Intel stated the size reduction would outweigh the higher transistor price associated with a smaller node.


One should take into consideration development costs however because changes were needed to maintain that line.



Also AMD stated it would be feasible to shrink the Xbox 1 and PS4 SoC to 20nm later on.

And then there is this Intel's lead is really only in node and even that shows signs of diminishing. Shrinking will eventually no longer outweigh itself but it seems that 20nm and possibly 14nm are still doable.
Quote:
One of the big questions on Intel’s foundry strategy is: Can they compete on wafer pricing? Fortunately there are now detailed reports that support what most of us fabless folks already know. The simple answer is no, Intel cannot compete with TSMC or Samsung on wafer pricing at 28nm, 20nm, and 14nm.

In fact, recent reports have shown that Intel 32nm versus TSMC 28nm gives TSMC a 30%+ wafer cost advantage. At Intel 22nm versus TSMC 20nm the cost advantage is 35%+. This is an apple to apple comparison with Atom SoC versus ARM SoC silicon. Another key metric is capacity. During the recent investor meeting Intel CFO Stacy Smith claimed Intel was at 80% capacity so that is the number that was used in the wafer cost calculations for both Intel and TSMC. I question this number since Intel has three idle fabs (OR, AZ, Ireland) and TSMC 28nm was at 100% capacity up until recently but I digress…..

On the technical side we now know that, even with Intel’s superior process claims, TSMC 28nm SoCs easily beat Intel at 32nm in both power and performance. TSMC 20nm SoCs will again beat Intel 22nm. 14nm SoCs have yet to launch but one thing I can tell you is that Intel will NOT win business from TSMC’s top customers which will make up more than 50% of fabless revenues:
post #334 of 539
Yes, they sell those products, of course they'll say it's good. But it's not good. Their own products show it right now as we speak.

They told us Moore's Law continues and it never did. It died when it "continued" with multiple cores. CPUs do not get to continue Moore's Law with multiple cores, that's a deception and anyone minimally proficient in technology knows it.

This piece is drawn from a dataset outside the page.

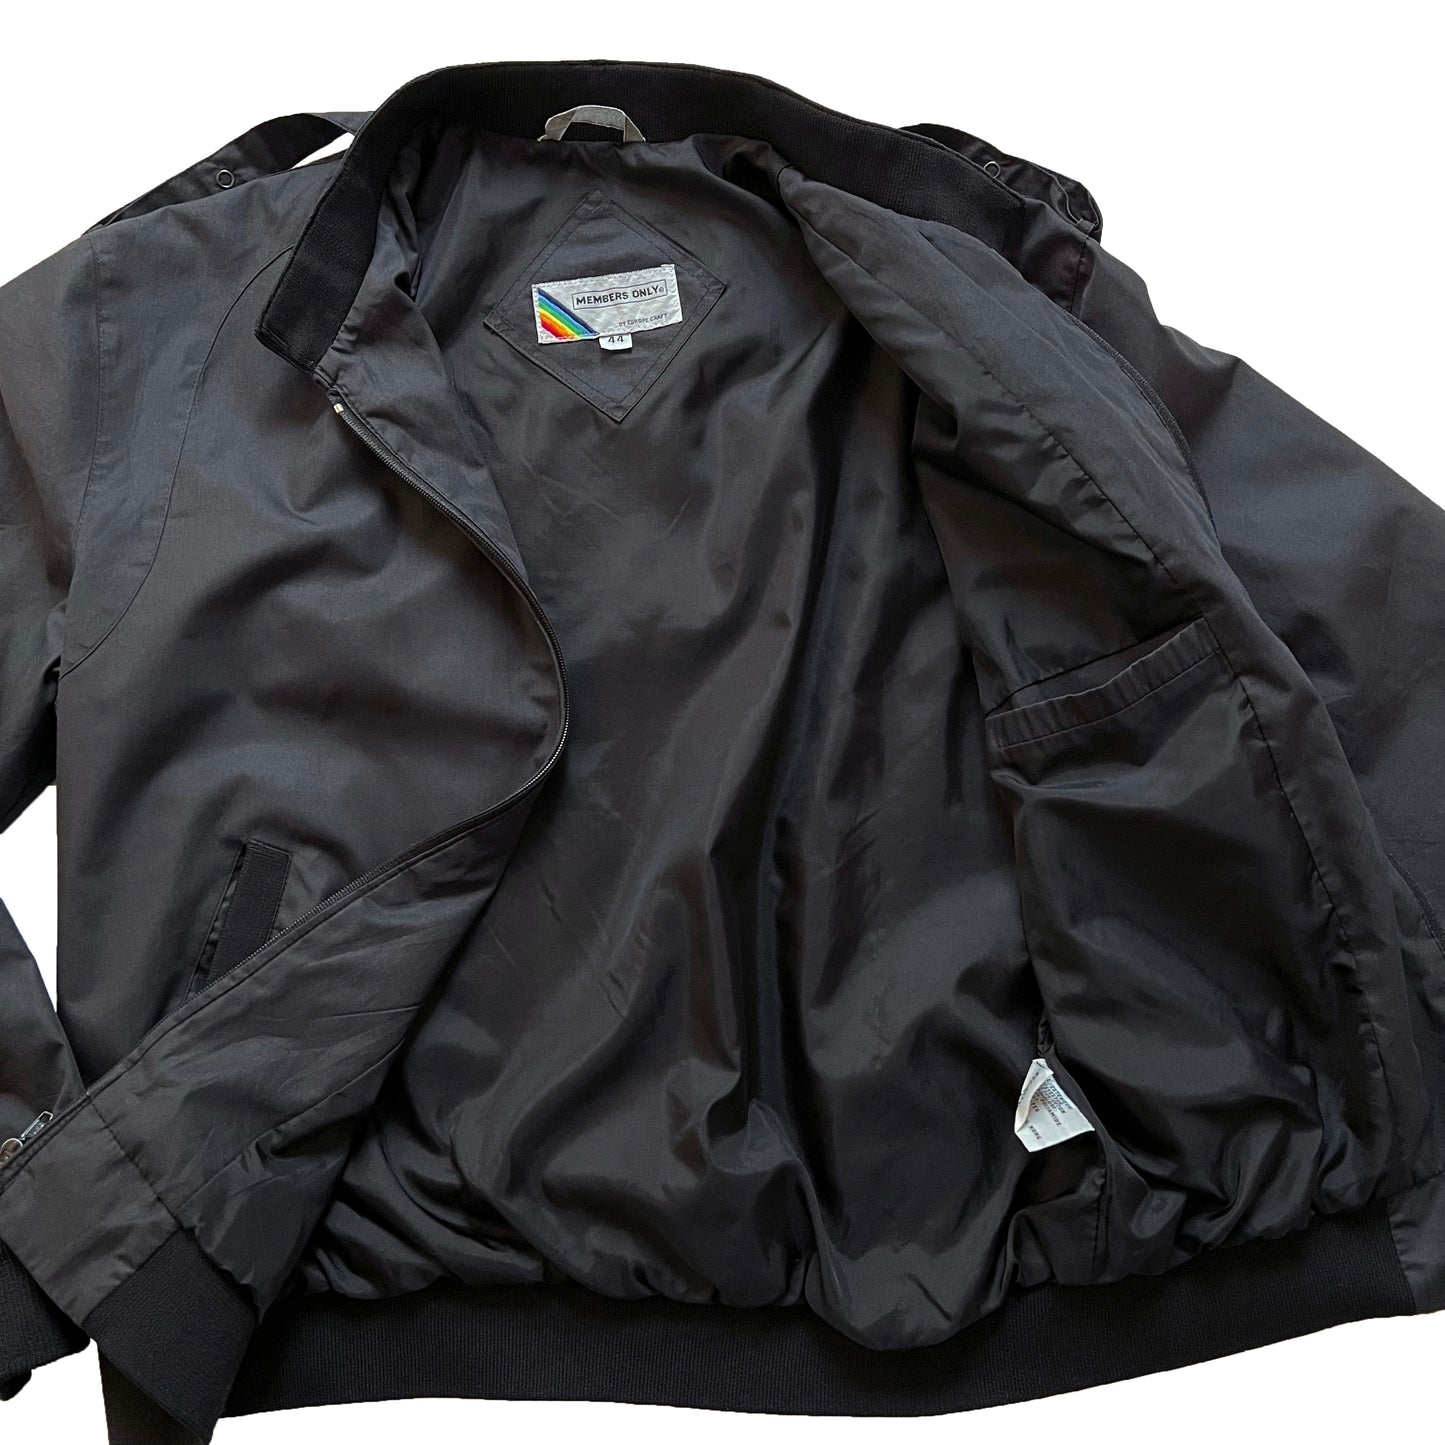 80's MEMBERS ONLY T/C SINGLE RIDERS JACKET
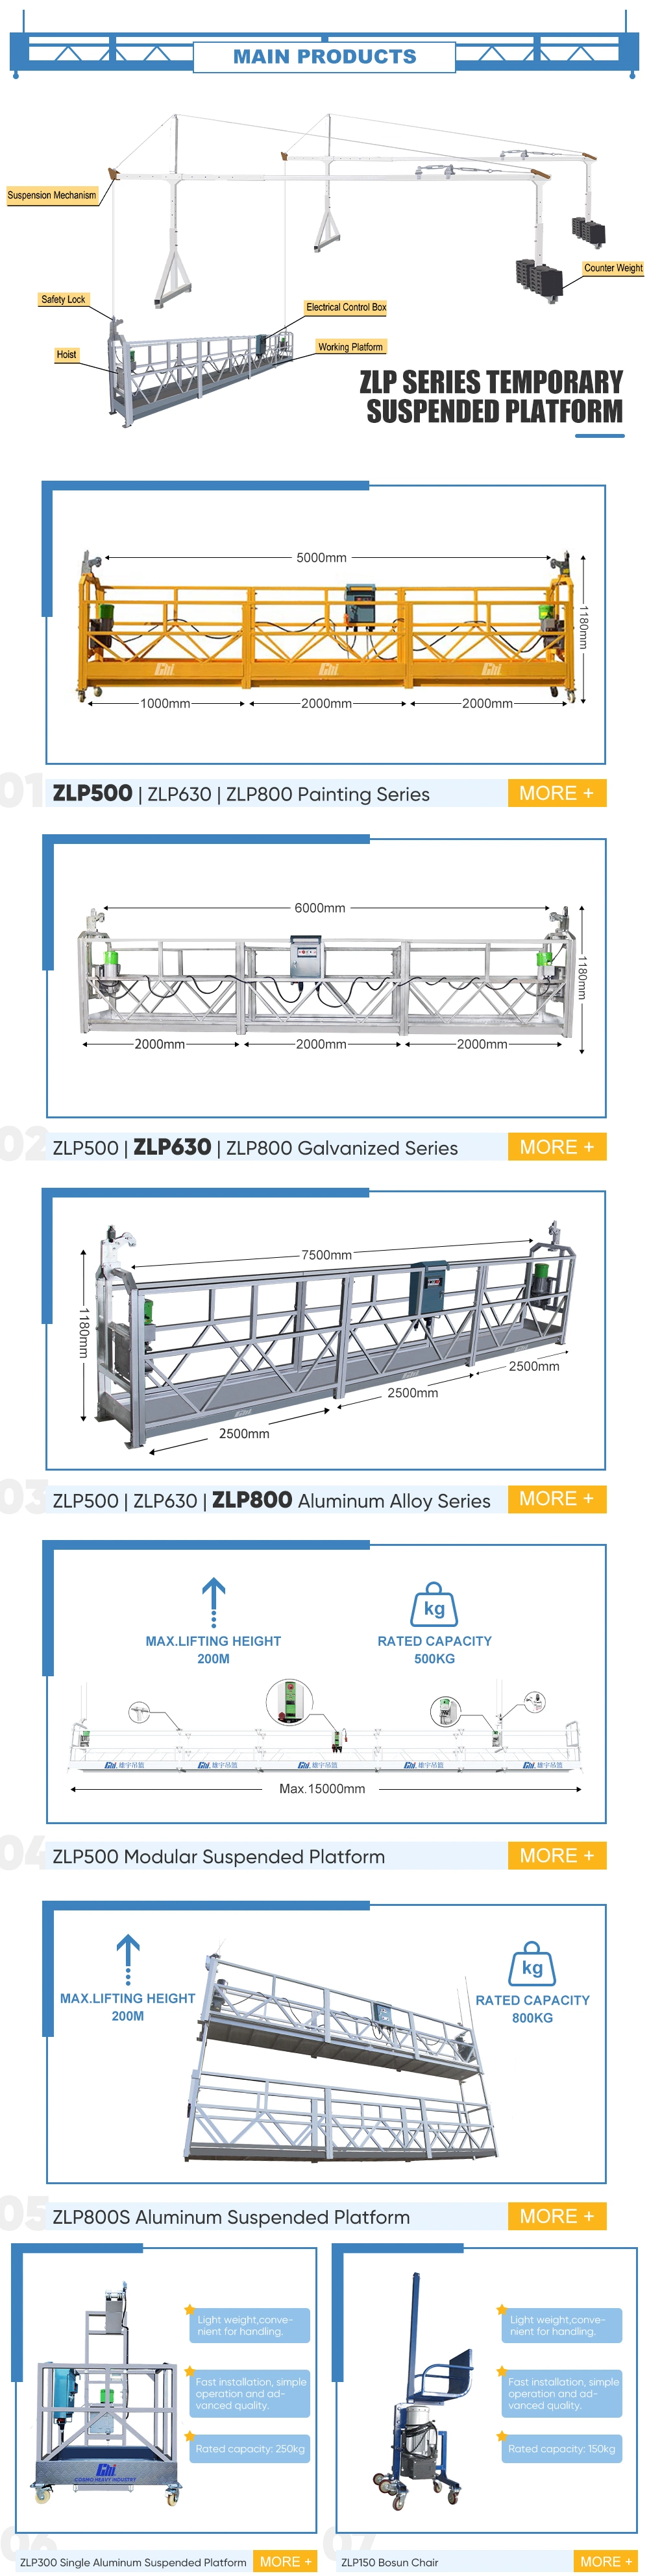 Zlp800 Pin Type Aluminum Alloy Suspended Platform with Israel Standard by Sii

We consistently see how harder it is to bring new products the last 2-8 years without raising prices enormously. It's not their greed, they always were greedy, it's just harder now. e.g. they are locked on 28nm on GPUs and they must raise prices by raising die size to bring something impressive. All this nonsense about "greedy NVIDIA" is myopic. AMD also had to make a smaller chip than the GK110 right now because they obviously have to limit the high costs, there is no other as reasonable explanation.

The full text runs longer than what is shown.